Se vogliamo un mondo più sostenibile bisogna mangiare più frutta e verdura. Una sfida globale per sanare anche ingiustizie sociali. A settembre il vertice mondiale sui sistemi alimentari.

FAO: Anno frutta e verdura, no agli sprechi e aiuto a paesi in via di sviluppo

Non è affatto una coincidenza. Il 2021, anno della speranza post Covid, è l’anno internazionale della frutta e della verdura.

Lo ha deciso la Fao indicando alcuni punti essenziali per far crescere nel mondo la consapevolezza di una buona e continuativa alimentazione.

Si tratta, in primo luogo, di far crescere le colture sostenibili nel mondo. L’avvio di un percorso che rimedia ad ingiustizie sociali equivalenti a sfruttamento e mancanza di diritti. Tanto a tavola – che milioni di persone povere non hanno – quanto nei campi.

La sintesi della Fao sta in una specie di decalogo che piano piano, si spera, i Paesi aiuteranno a diffondere.
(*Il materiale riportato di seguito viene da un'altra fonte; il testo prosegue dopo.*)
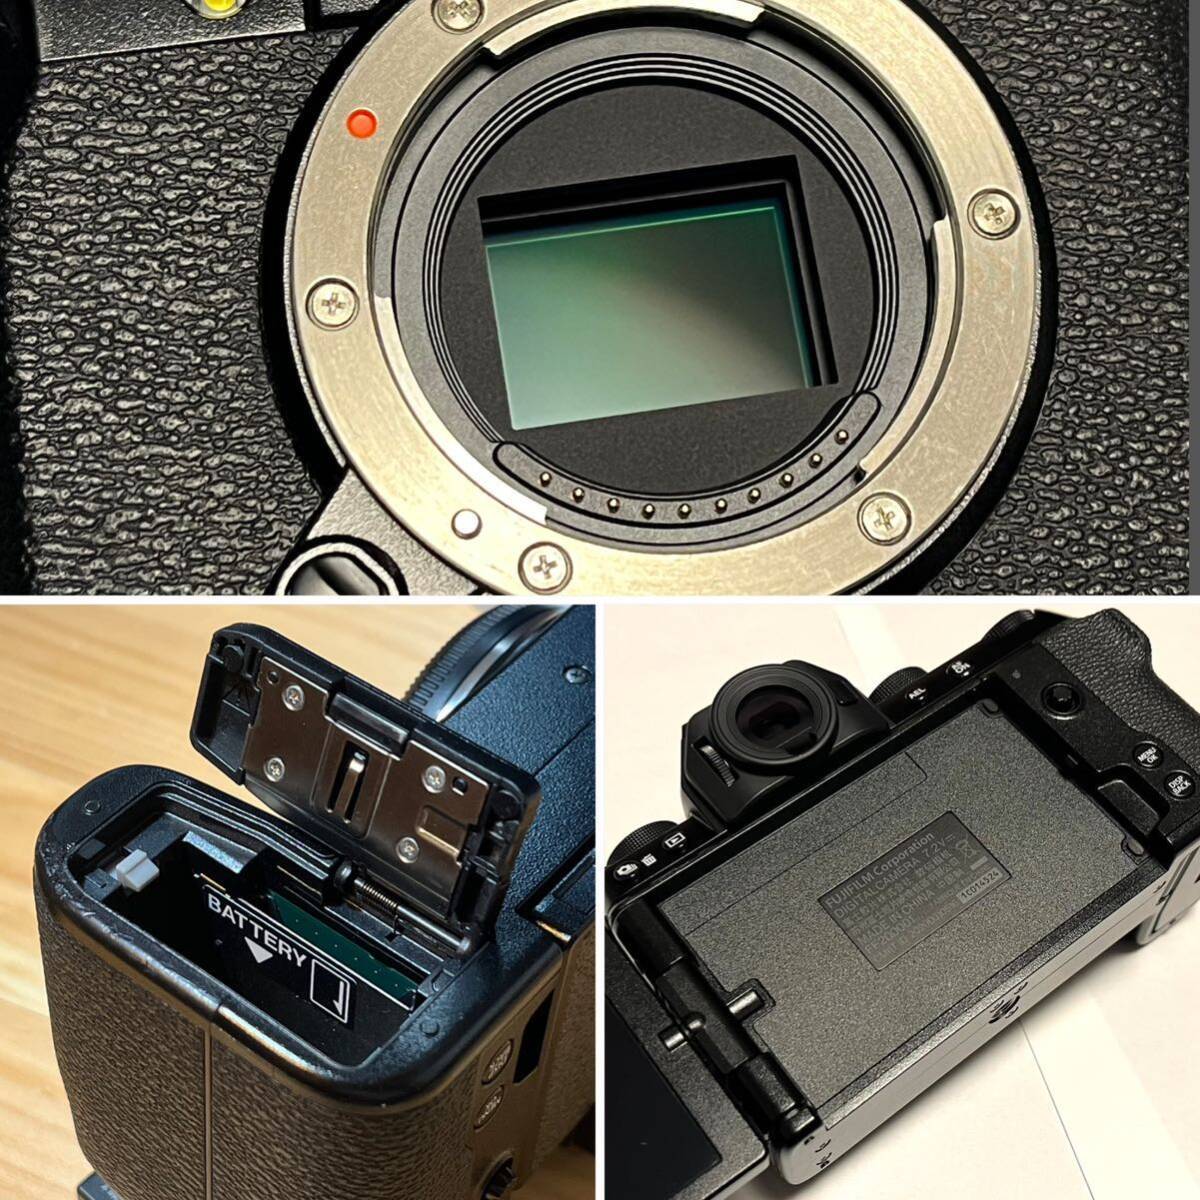 ( б/у исправно работающий товар )FUJIFILM X-S10 корпус + принадлежности большое количество ( аккумулятор 4 шт,SD карта, камера кейс )
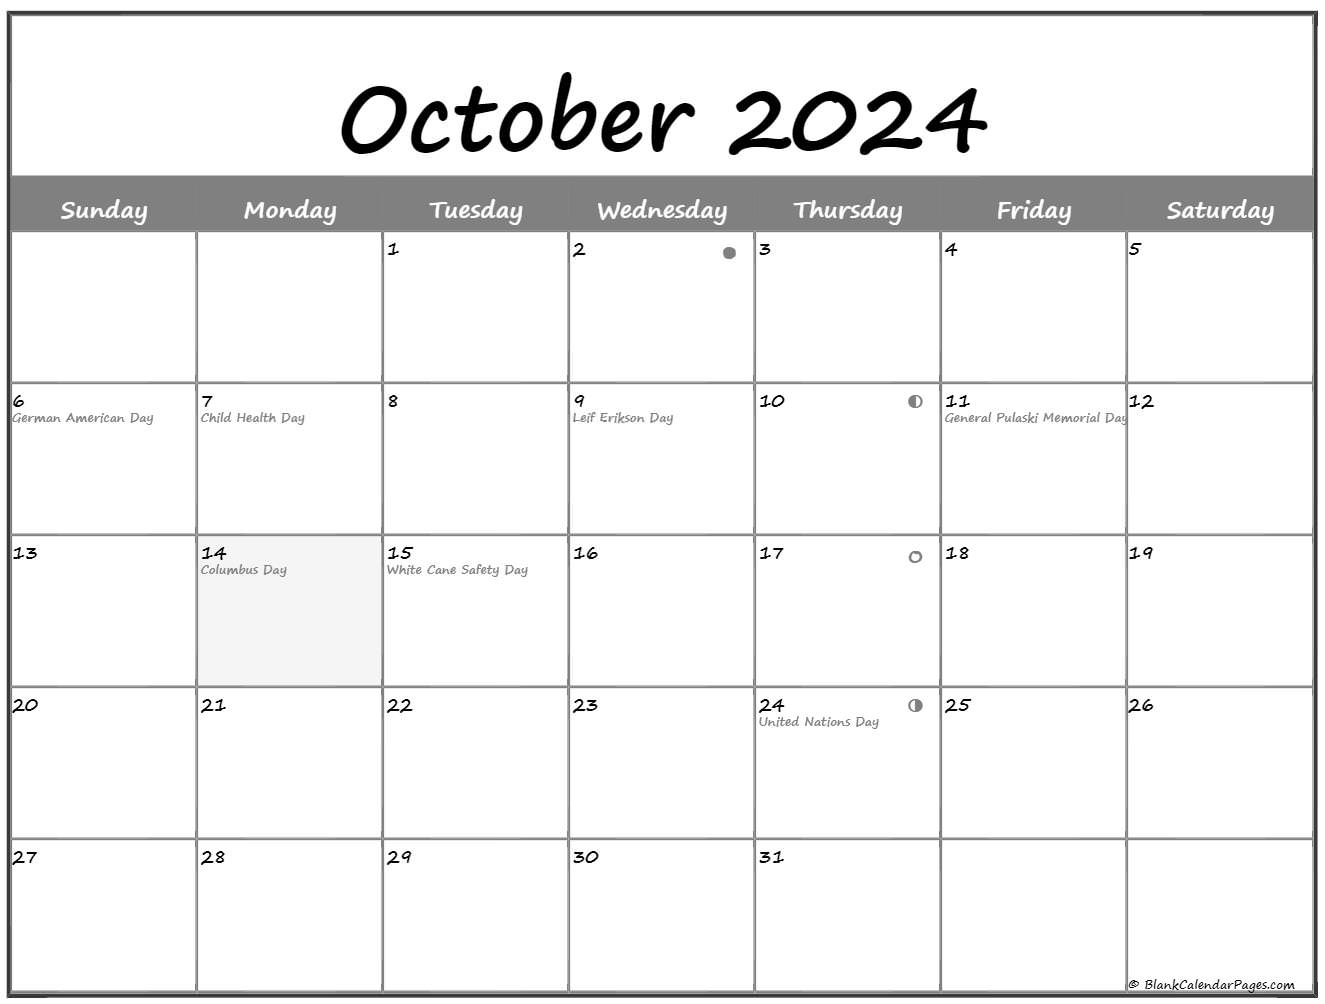 October 2022 Lunar Calendar October 2022 Lunar Calendar | Moon Phase Calendar

Sensibilizzare l’opinione pubblica sui vantaggi legati al consumo di frutta e verdura; combattere gli sprechi; promuovere diete e stili di vita sani ed equilibrati; aiutare i paesi in via di sviluppo verso tecniche di coltivazioni moderne e vincenti.

La strategia si raccorda a quella Onu sugli obiettivi di sviluppo sostenibile. Ma non vi è dubbio che ha molto a che vedere con le politiche agricole praticate sul scala mondiale. Oltre all’attenzione per i Paesi in via di sviluppo che rischiano di fare un doppio salto, da forma agricole arretrate a modelli supertecnologici con uso di fertilizzanti, buona parte delle indicazioni si giocano nei Paesi industrializzati.

Quando si dice che bisogna favorire l’integrazione dei piccoli agricoltori nelle catene di produzione locale, regionale e globale, si toccano aspetti sensibili delle politiche alimentari dei singoli governi. Usa e Gran Bretagna, per citarne solo due, fino ad oggi hanno praticato politiche ostative verso prodotti sostenibili e di qualità. Hanno rilanciato antiquate logiche di mercato come i dazi o la limitazione alla importazioni nei confronti di tutto cio’ che è sostenibile.

Presto dovremo vedere, allora, la capacità di accogliere le buone indicazioni dell’organizzazione dell’Onu. Evidentemente non sono gli unici Paesi occidentali a dover rivedere sistemi di commercializzazione e vendita di prodotti di qualità se in tutto il mondo ci sono negoziati complessi a tutela di interessi miliardari.

Il documento Fao – leggiamo – deriva dalla necessità di sensibilizzare, dirigere l’attenzione politica e di condividere buone pratiche sui benefici che derivano dal consumo di frutta e verdura. E’ la politica, dunque, che deve spingere per rimodellare stili di vita e abitudini alimentari in un quadro di sostenibilità ambientale ma anche di lotta agli sprechi. Frutta e verdura sono prodotti della terra coltivati in ogni parte del mondo, ma sono il punto di partenza di sistemi agroalimentari spesso iniqui e distorti.

A maggior ragione durante una pandemia si puo’ ricercare un approccio sistemico, dalle produzioni controllate, biologiche, certificate, fino ai prezzi e all’educazione nelle famiglie.

Frutta e verdura forniscono al corpo una quantità di sostanze nutrienti, rafforzano il sistema immunitario e aiutano a ridurre il rischio di contrarre una serie di malattie, è stato detto, senza nascondersi che il consumo mondiale è basso. Se ce ne sarà la forza le indicazioni della Fao daranno sostegno alla complicata fase di protezione del pianeta. Vedremo.

A settembre ci sarà il vertice mondiale sui sistemi alimentari promosso dall’Onu. Capiremo allora in che modo i Paesi stanno gestendo il passaggio epocale verso un nuovo modo di produrre e consumare, senza ubbie protezionistiche e retoriche di circostanza. Ricordandoci di Papa Francesco quando dice che “con la fame non c’è democrazia”.